Reproduce all the lines below exactly and omit the images.

#### COLLECTED DATA
◇ ◇ ◇ ◇

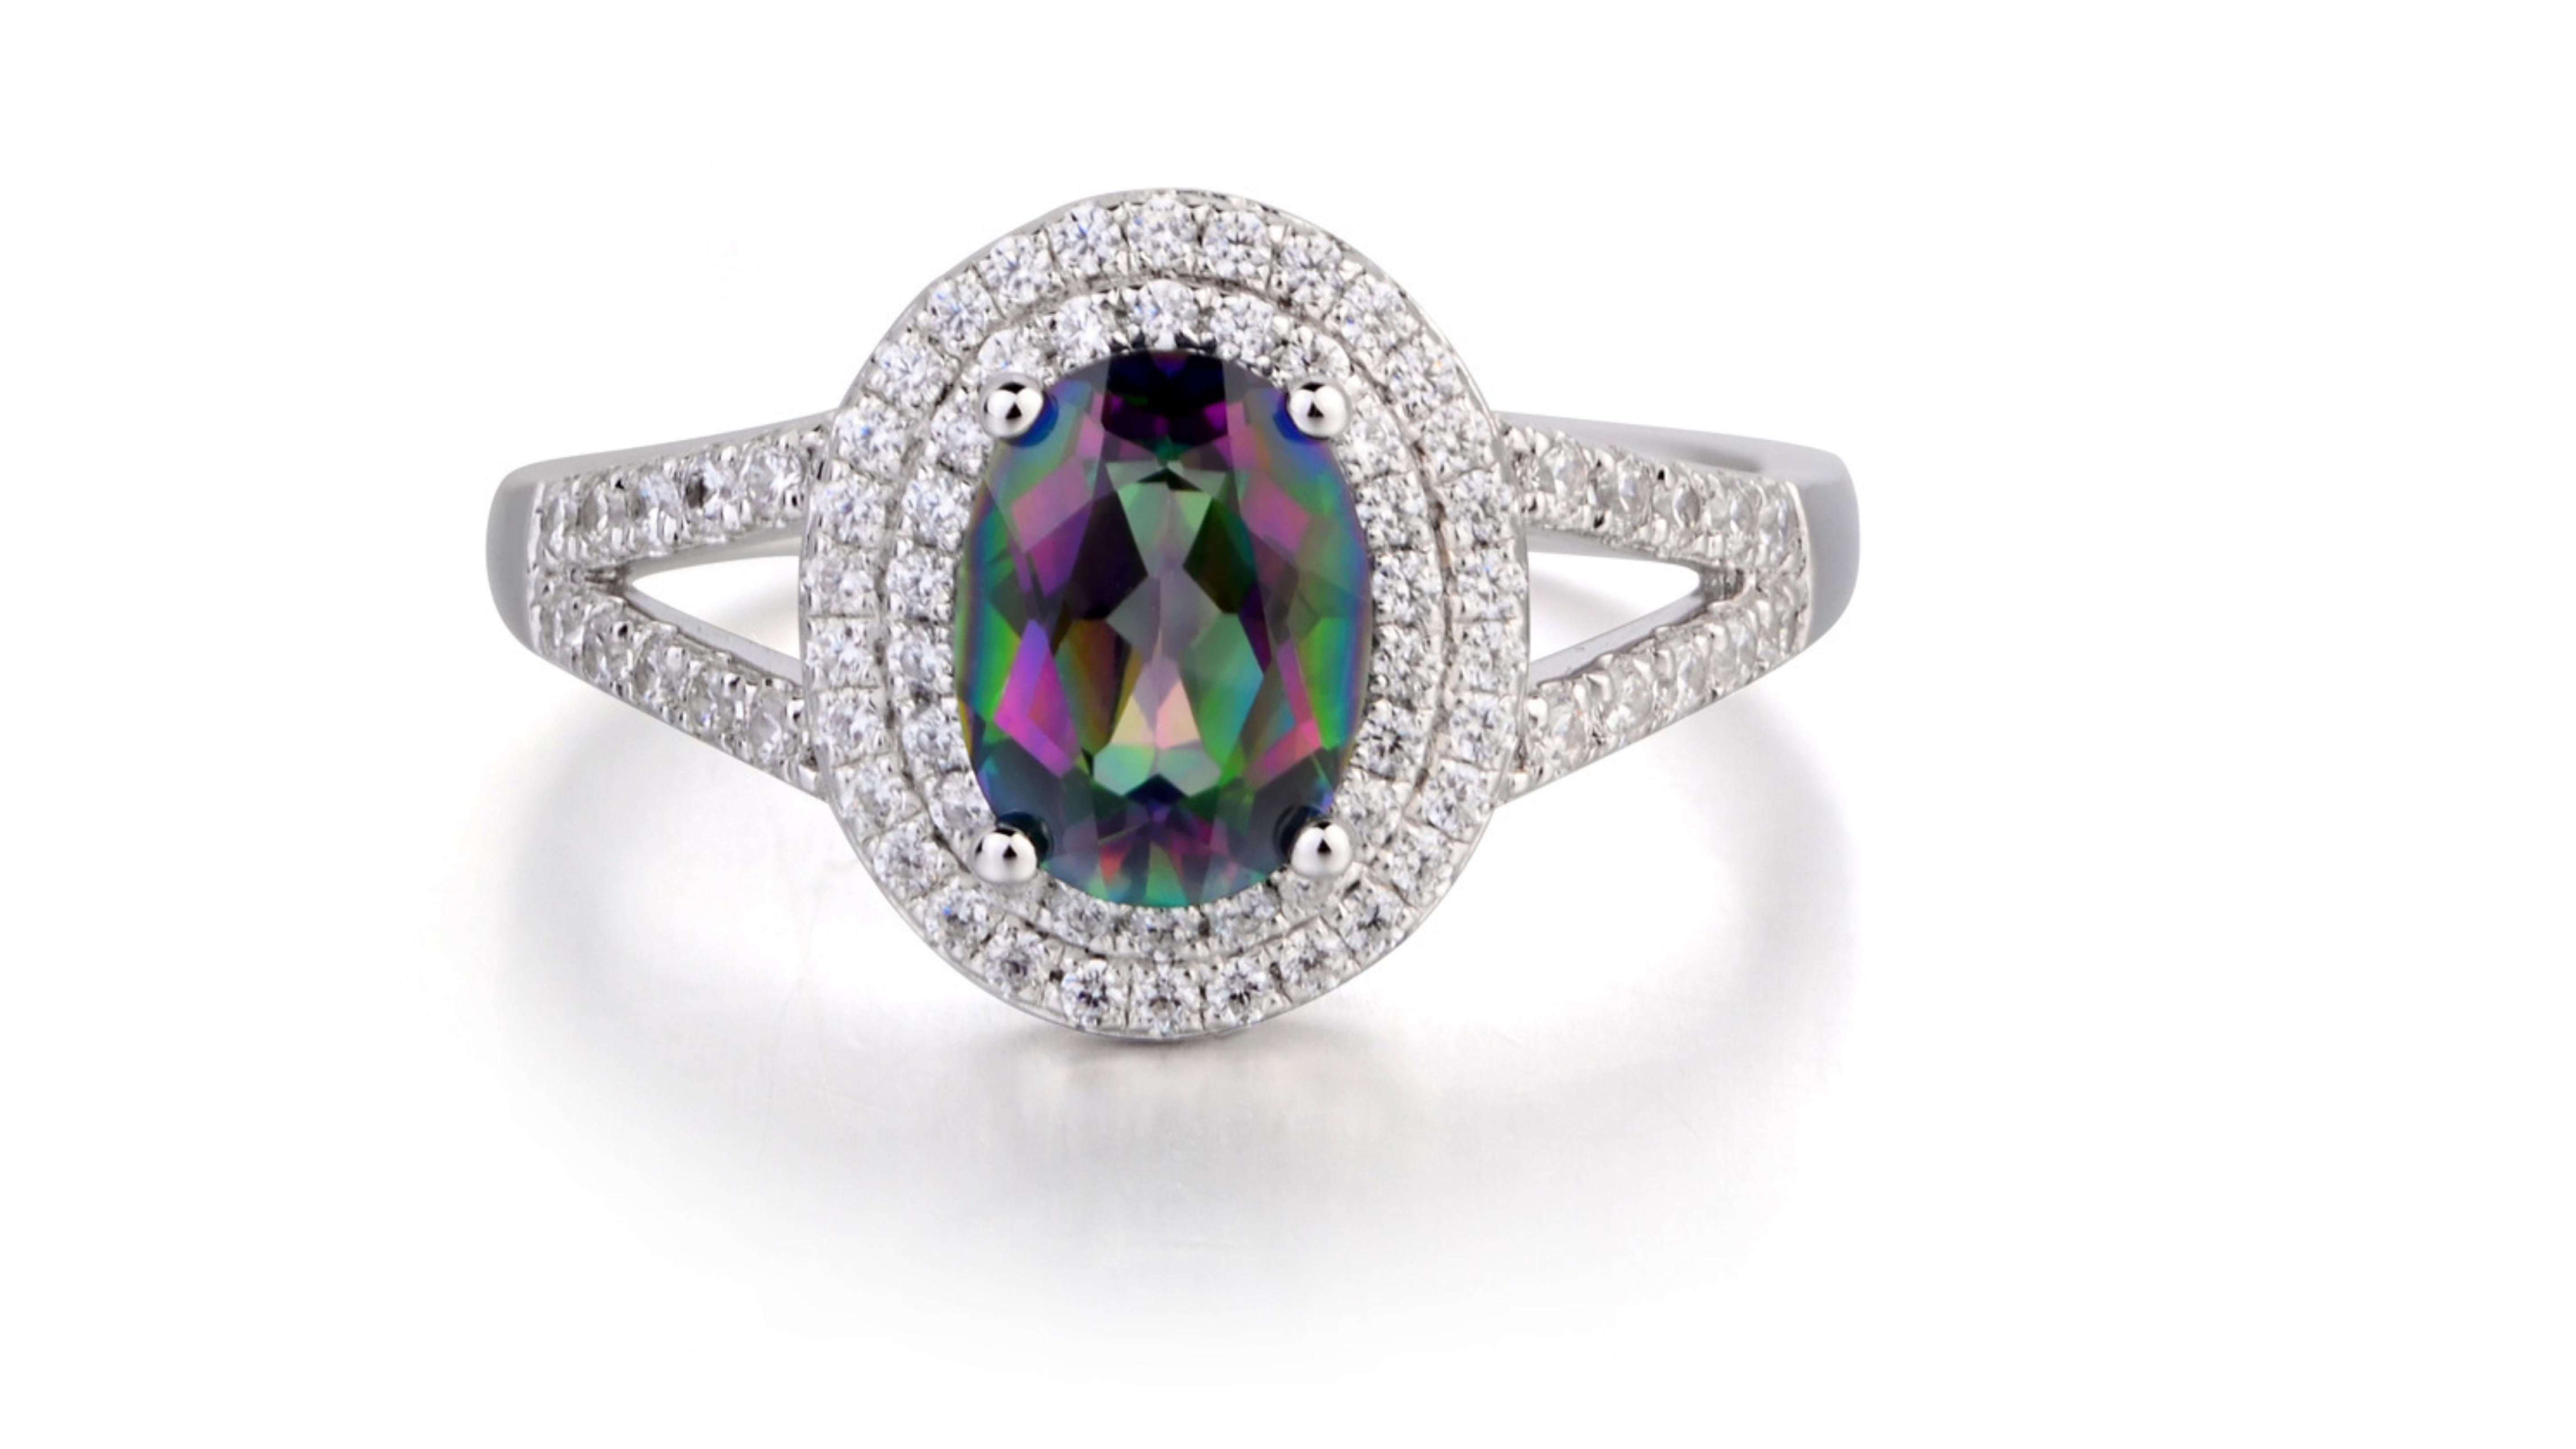 Rny Jewelry Latest Design Purple Rainbow Mystic Topaz Fashion Jewelry For Women Wedding Rings
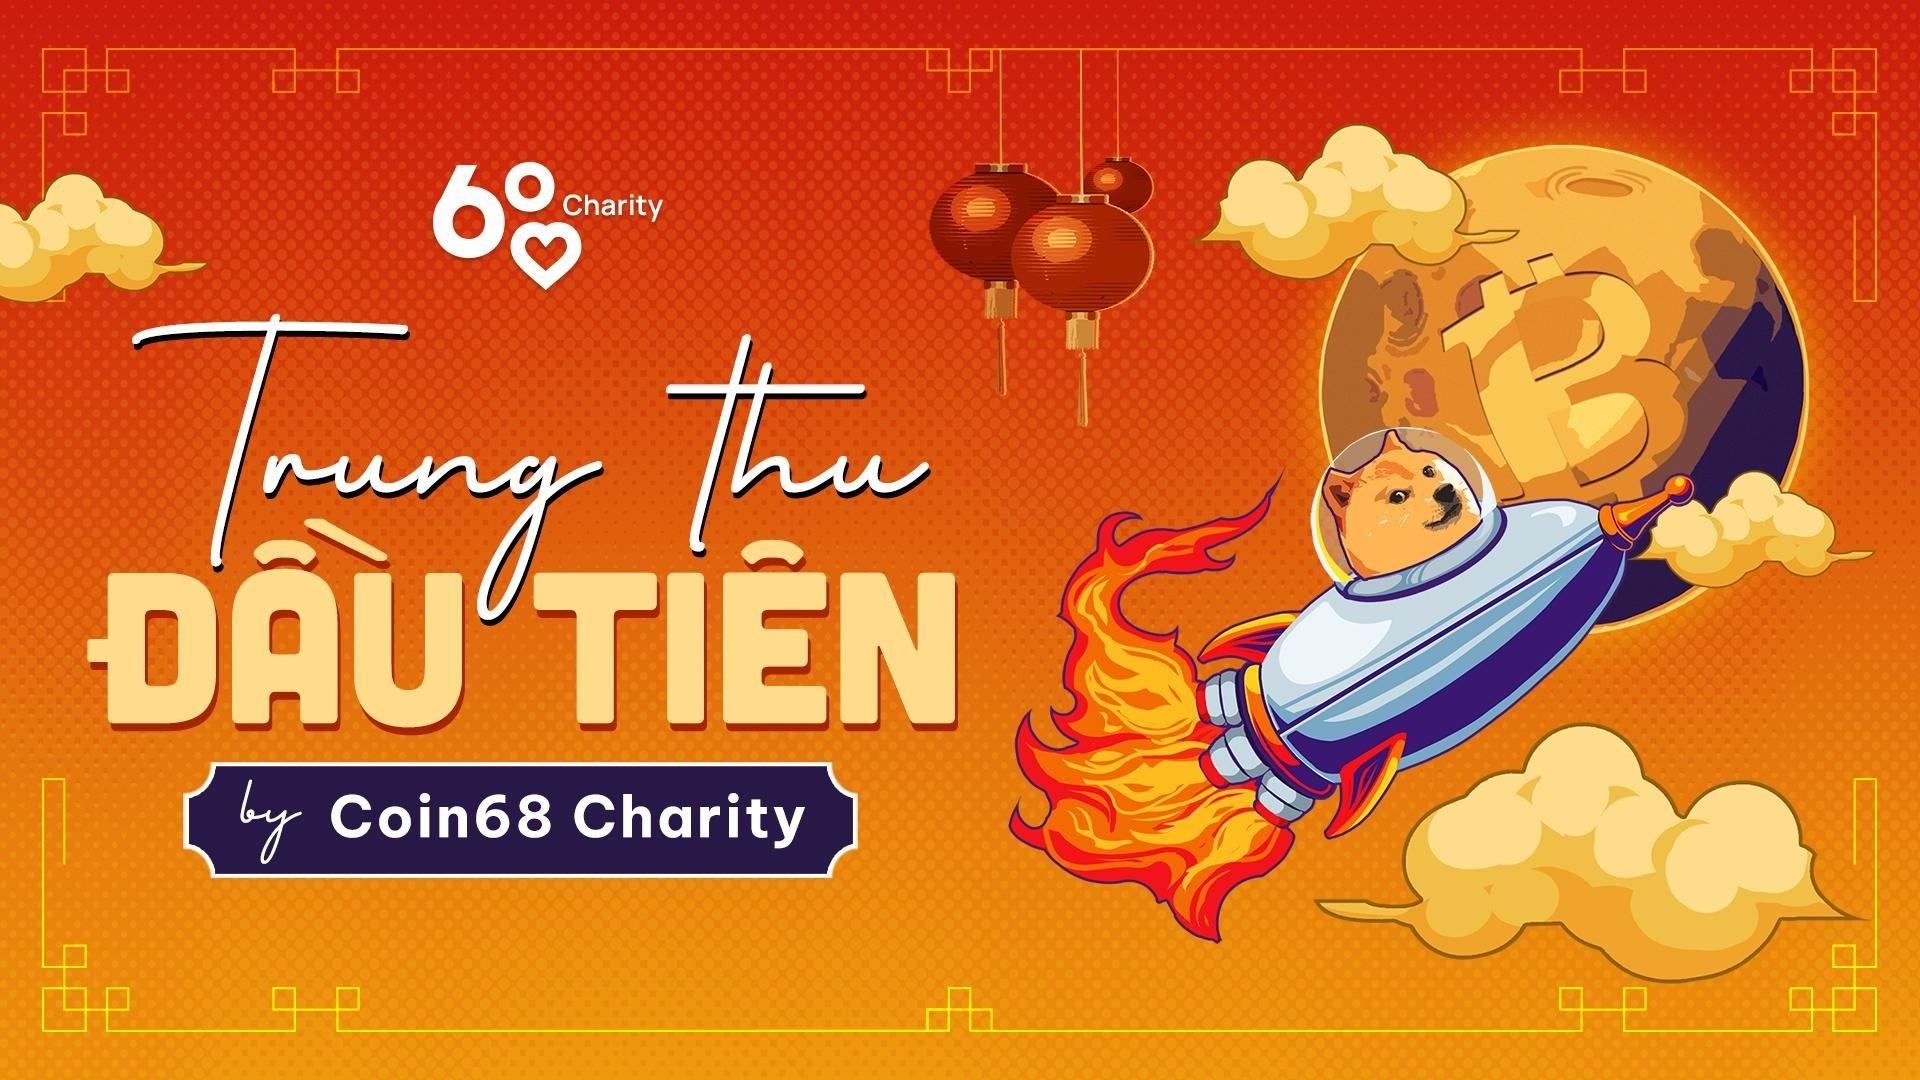 coin68-charity-project-trung-thu-dau-tien-cho-177-em-nho-tai-co-nhi-vien-thien-binh
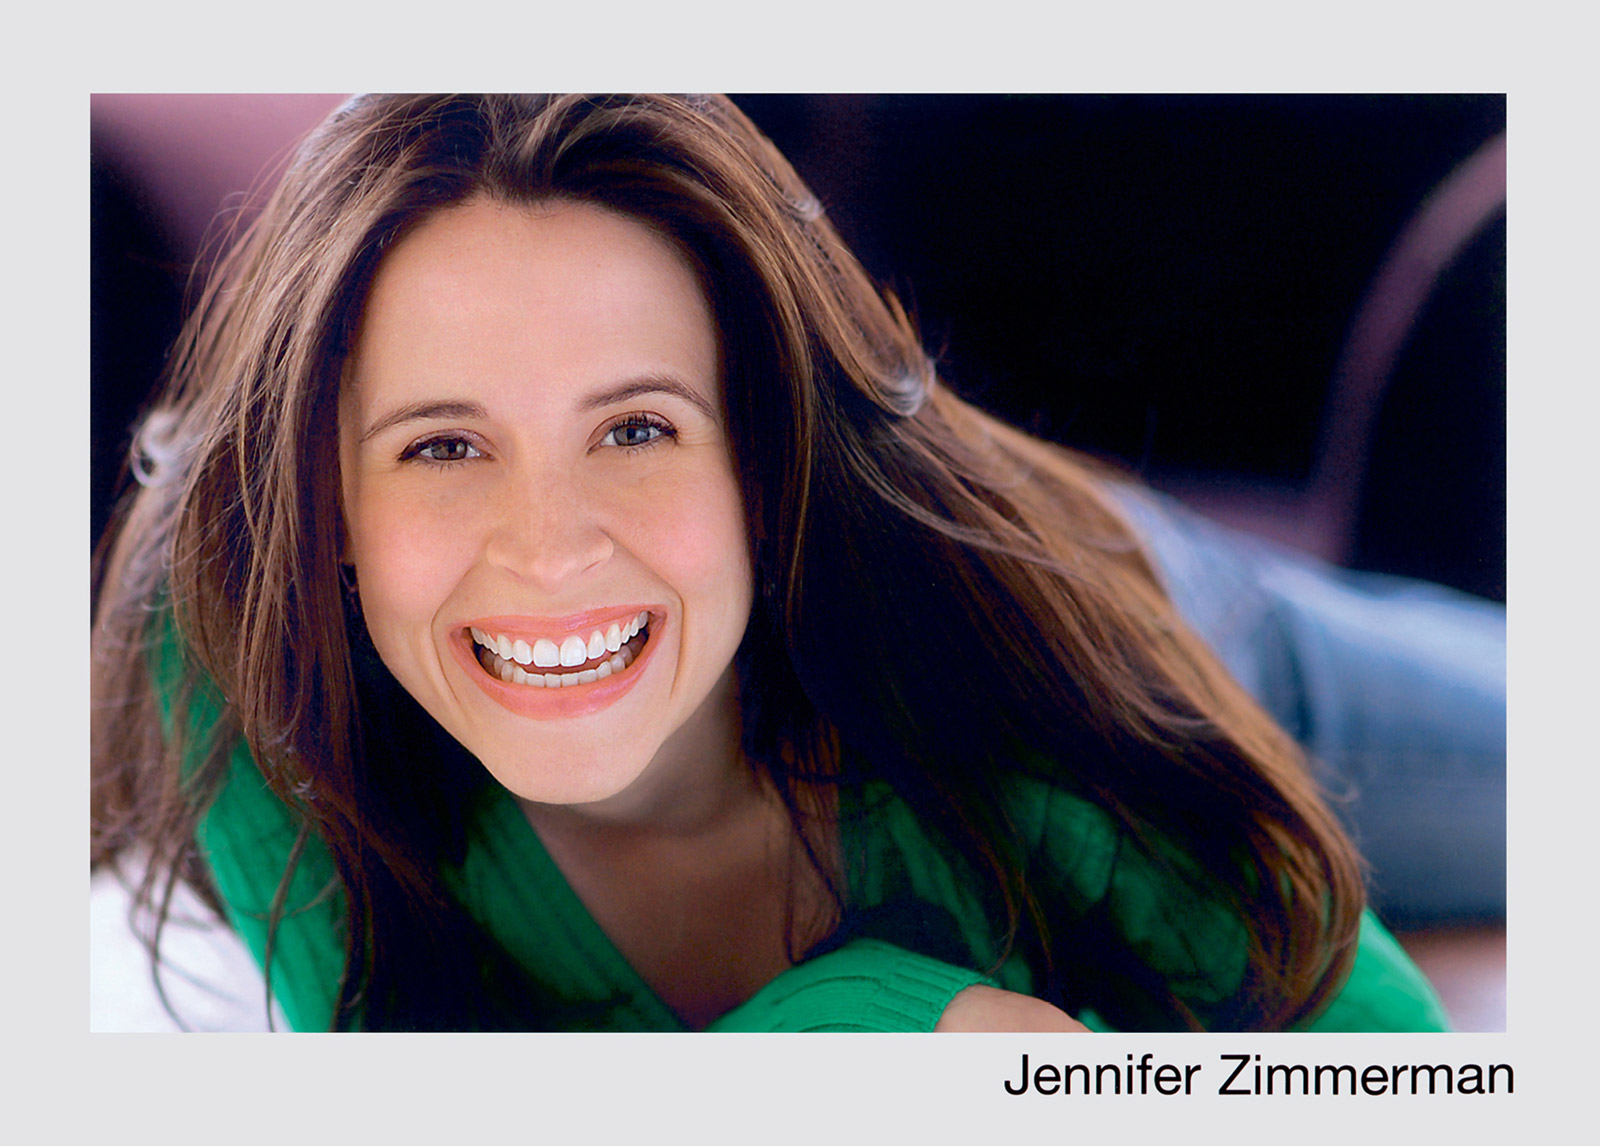 A headshot of Jennifer.

◇ ◇ ◇ ◇

#### FINISHED TASK
 Rny Jewelry Latest Design Purple Rainbow Mystic Topaz Fashion Jewelry For Women Wedding Rings
 coin68-charity-project-trung-thu-dau-tien-cho-177-em-nho-tai-co-nhi-vien-thien-binh
 A headshot of Jennifer.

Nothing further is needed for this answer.